Dataset content>
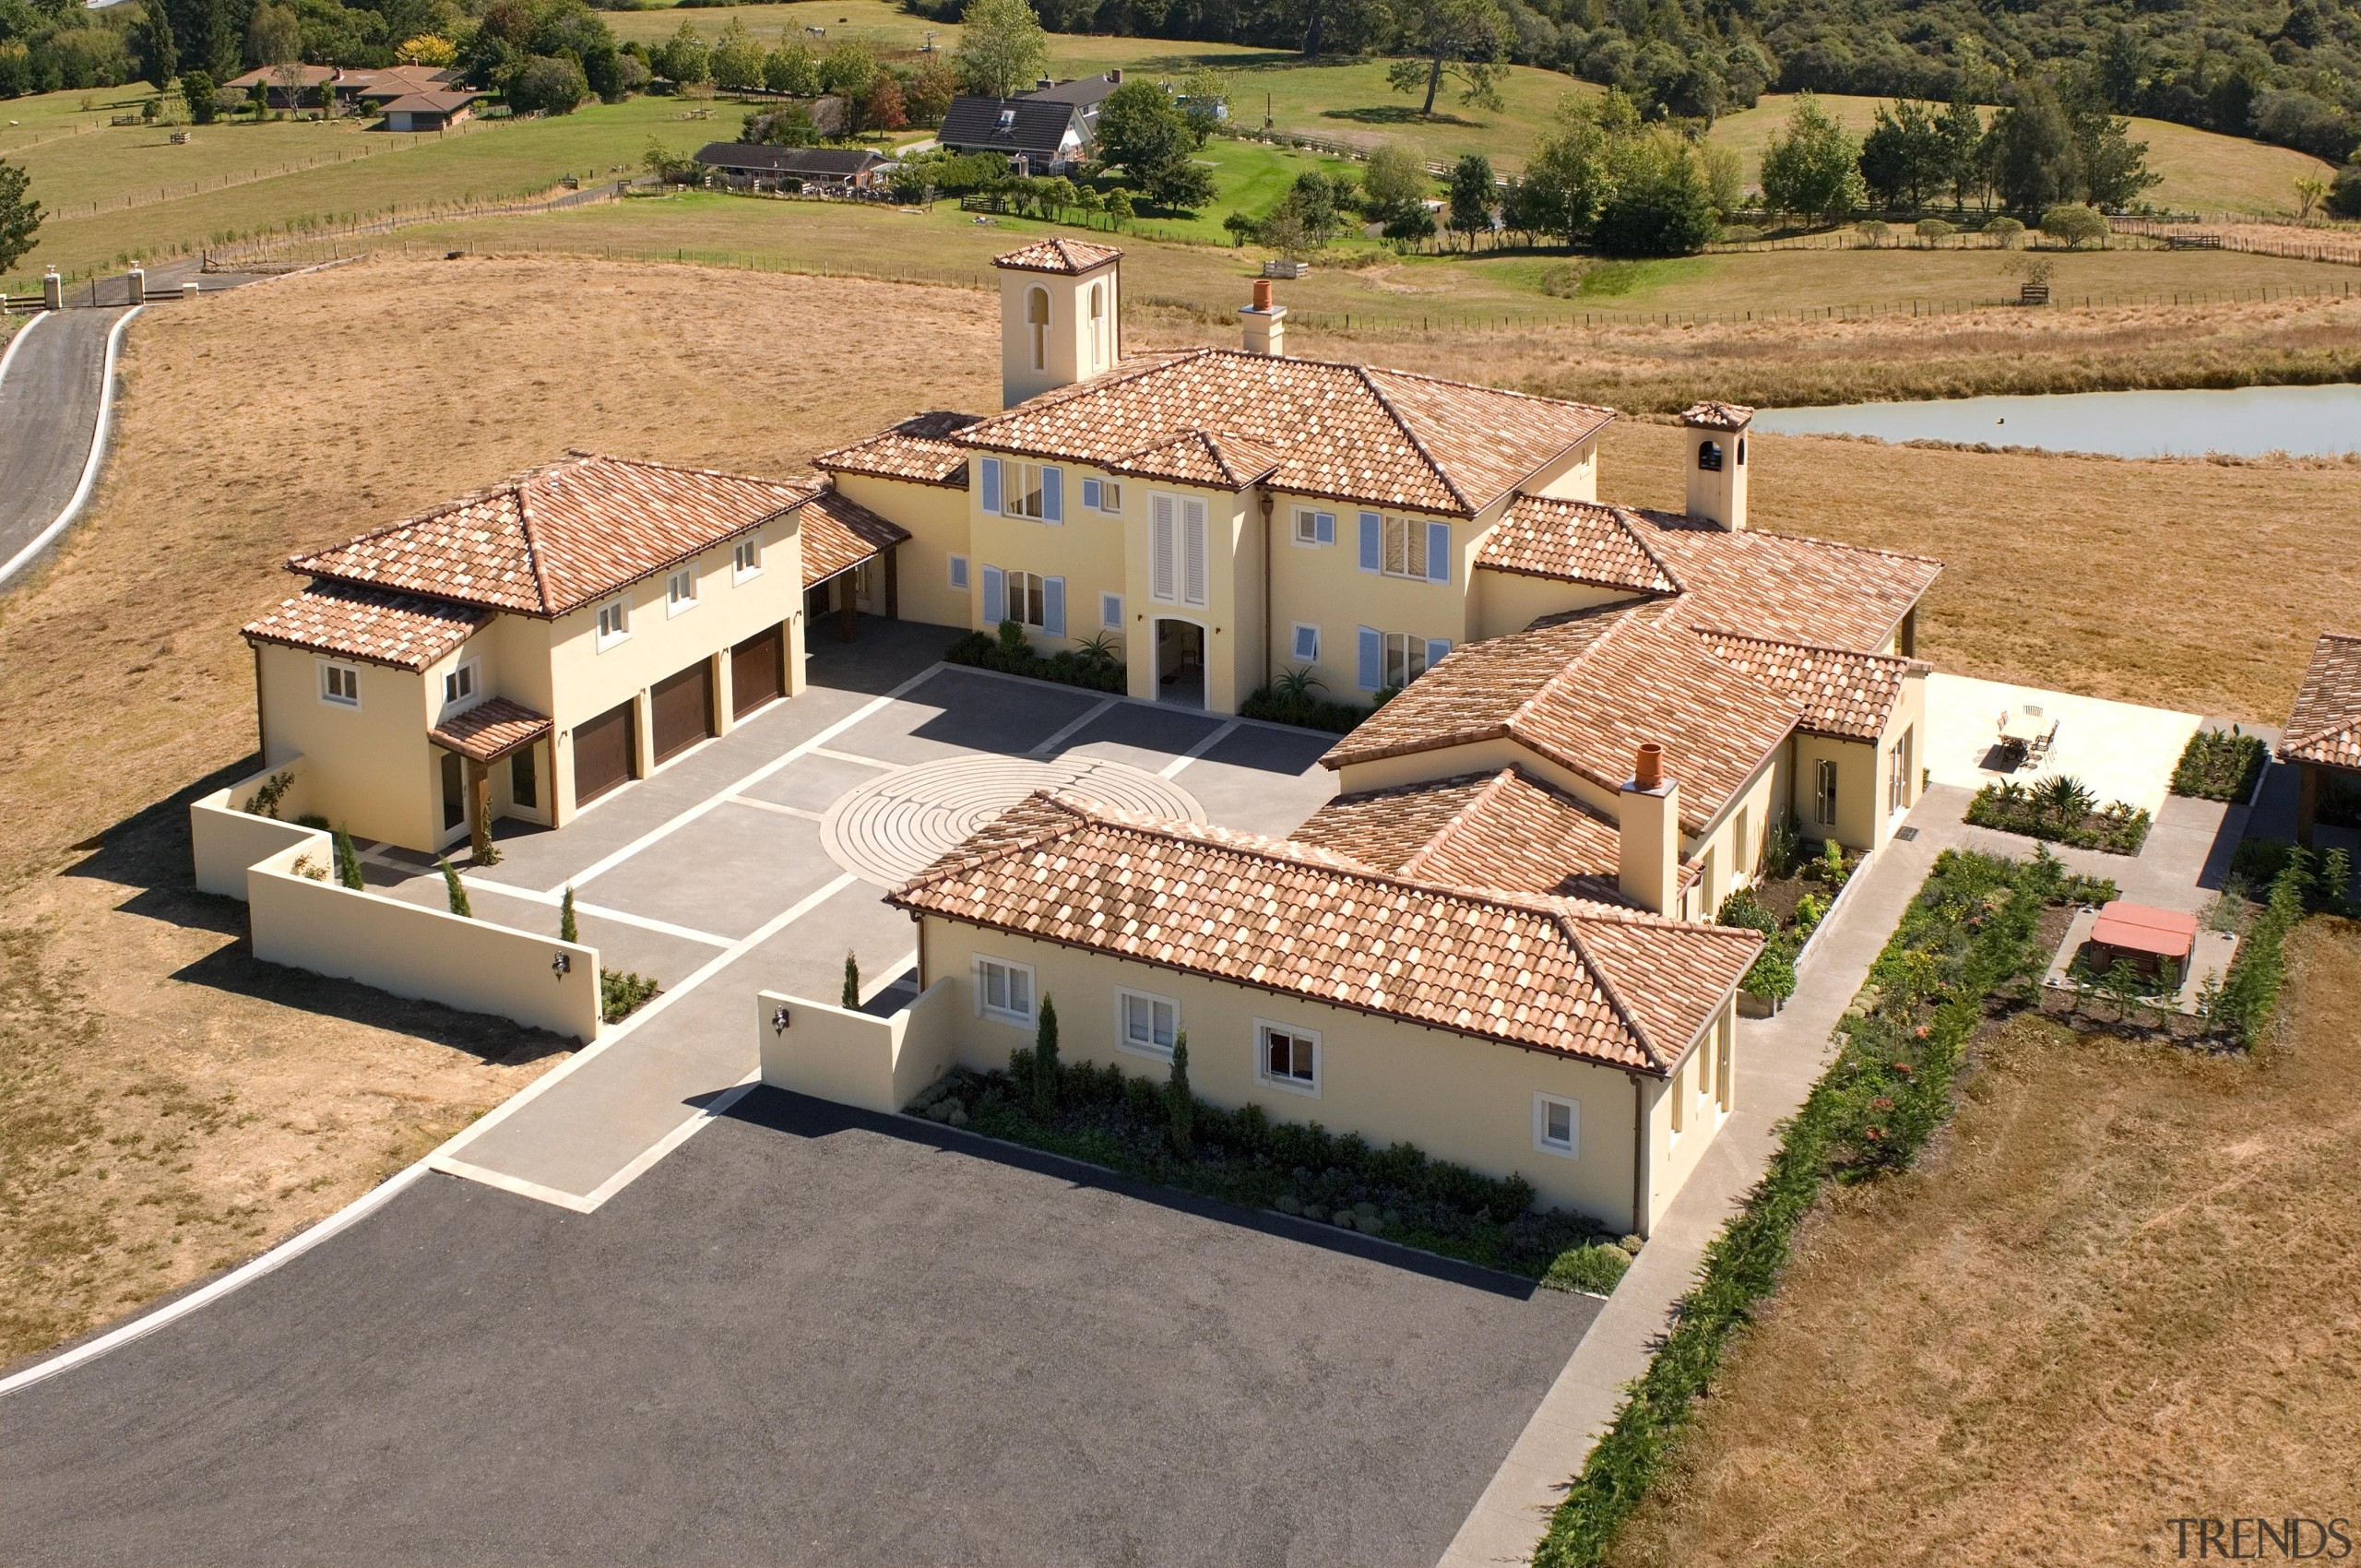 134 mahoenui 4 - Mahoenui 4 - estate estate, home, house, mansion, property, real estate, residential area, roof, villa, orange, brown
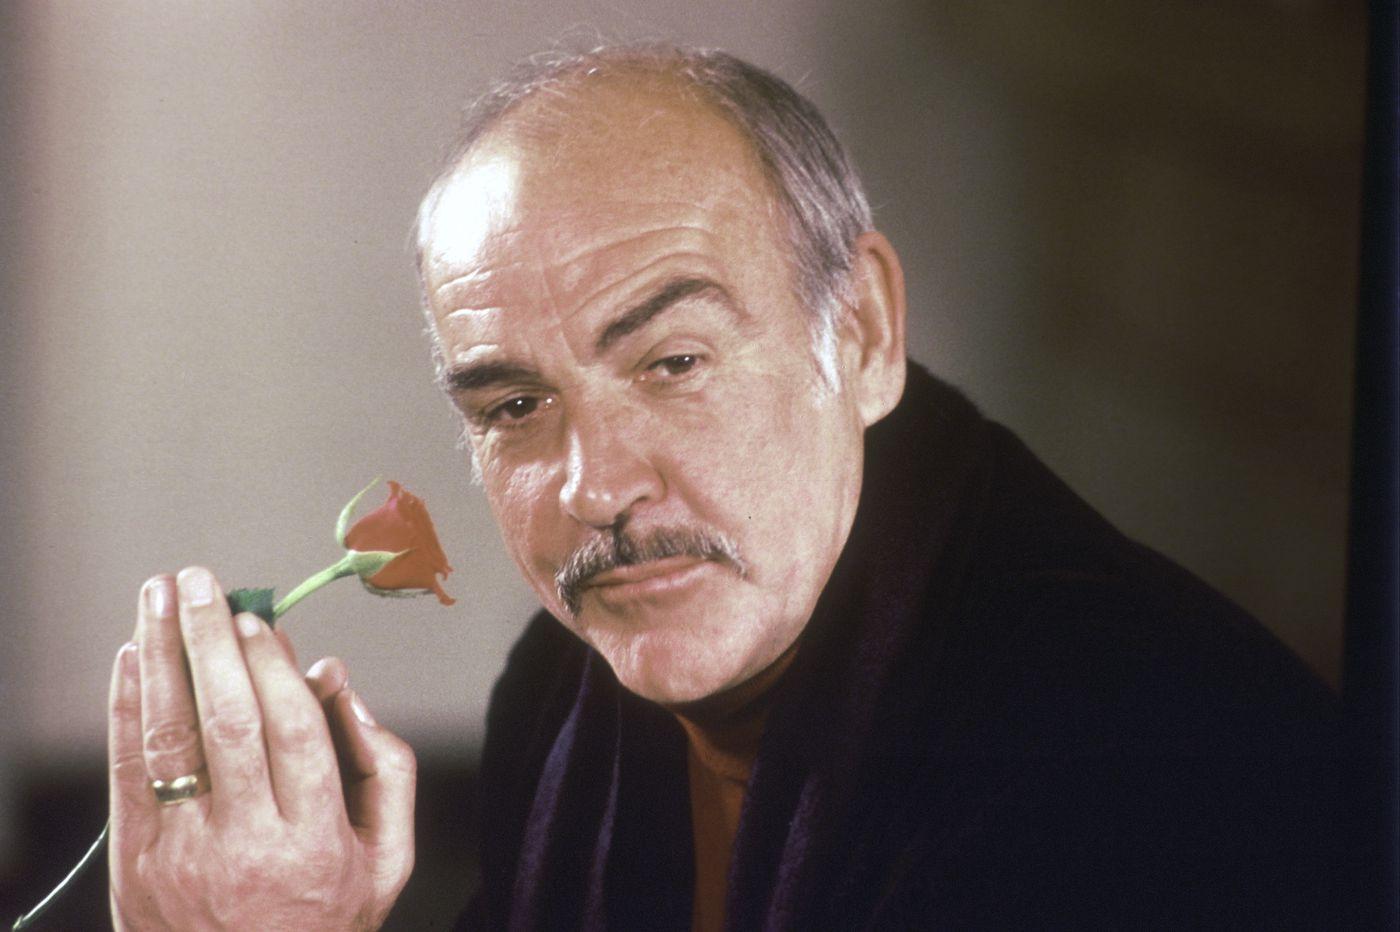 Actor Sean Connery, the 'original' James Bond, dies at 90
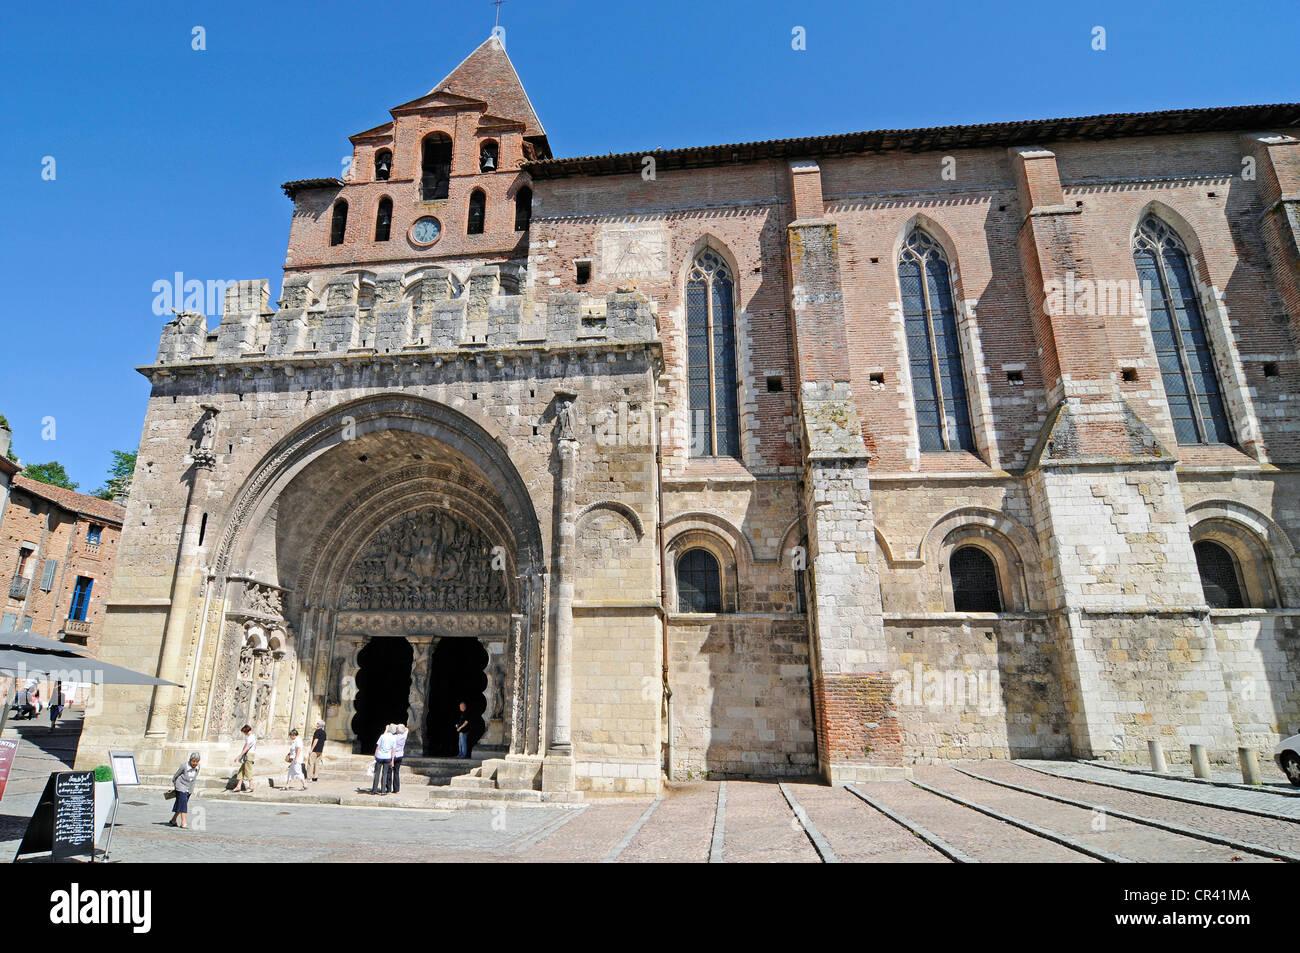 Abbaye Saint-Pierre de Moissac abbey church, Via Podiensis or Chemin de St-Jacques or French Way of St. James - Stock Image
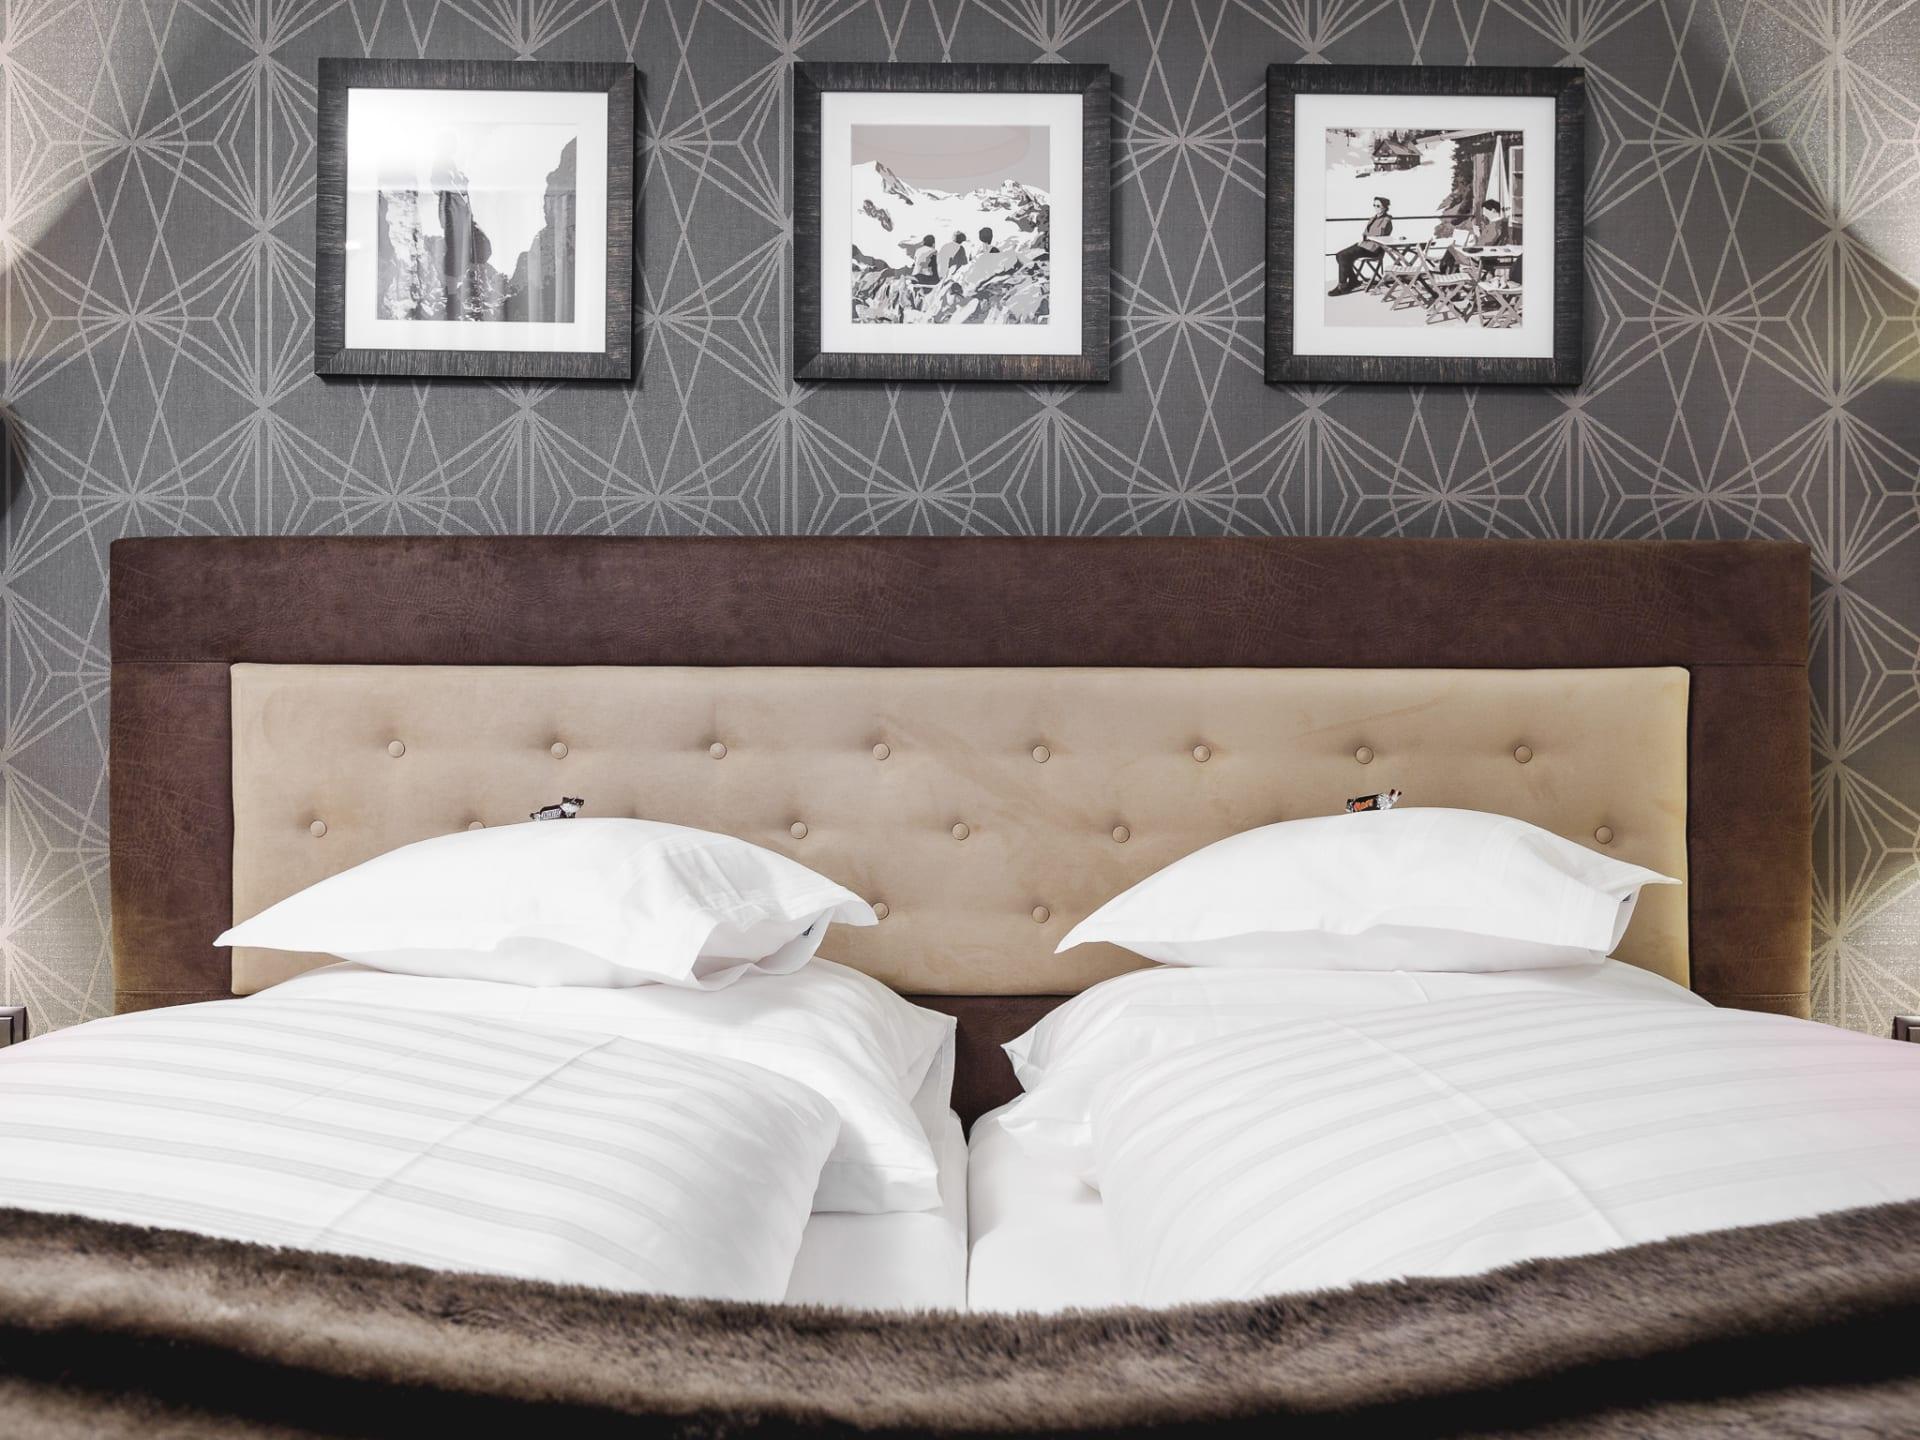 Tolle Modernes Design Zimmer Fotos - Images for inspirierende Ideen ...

Your task> Copy out exactly, without any pictures, the lines above that begin at the one with "Abbaye Saint-Pierre de" and end at the last line of the listing.

Answer to the exercise>
 Abbaye Saint-Pierre de Moissac abbey church, Via Podiensis or Chemin de St-Jacques or French Way of St. James - Stock Image
 Tolle Modernes Design Zimmer Fotos - Images for inspirierende Ideen ...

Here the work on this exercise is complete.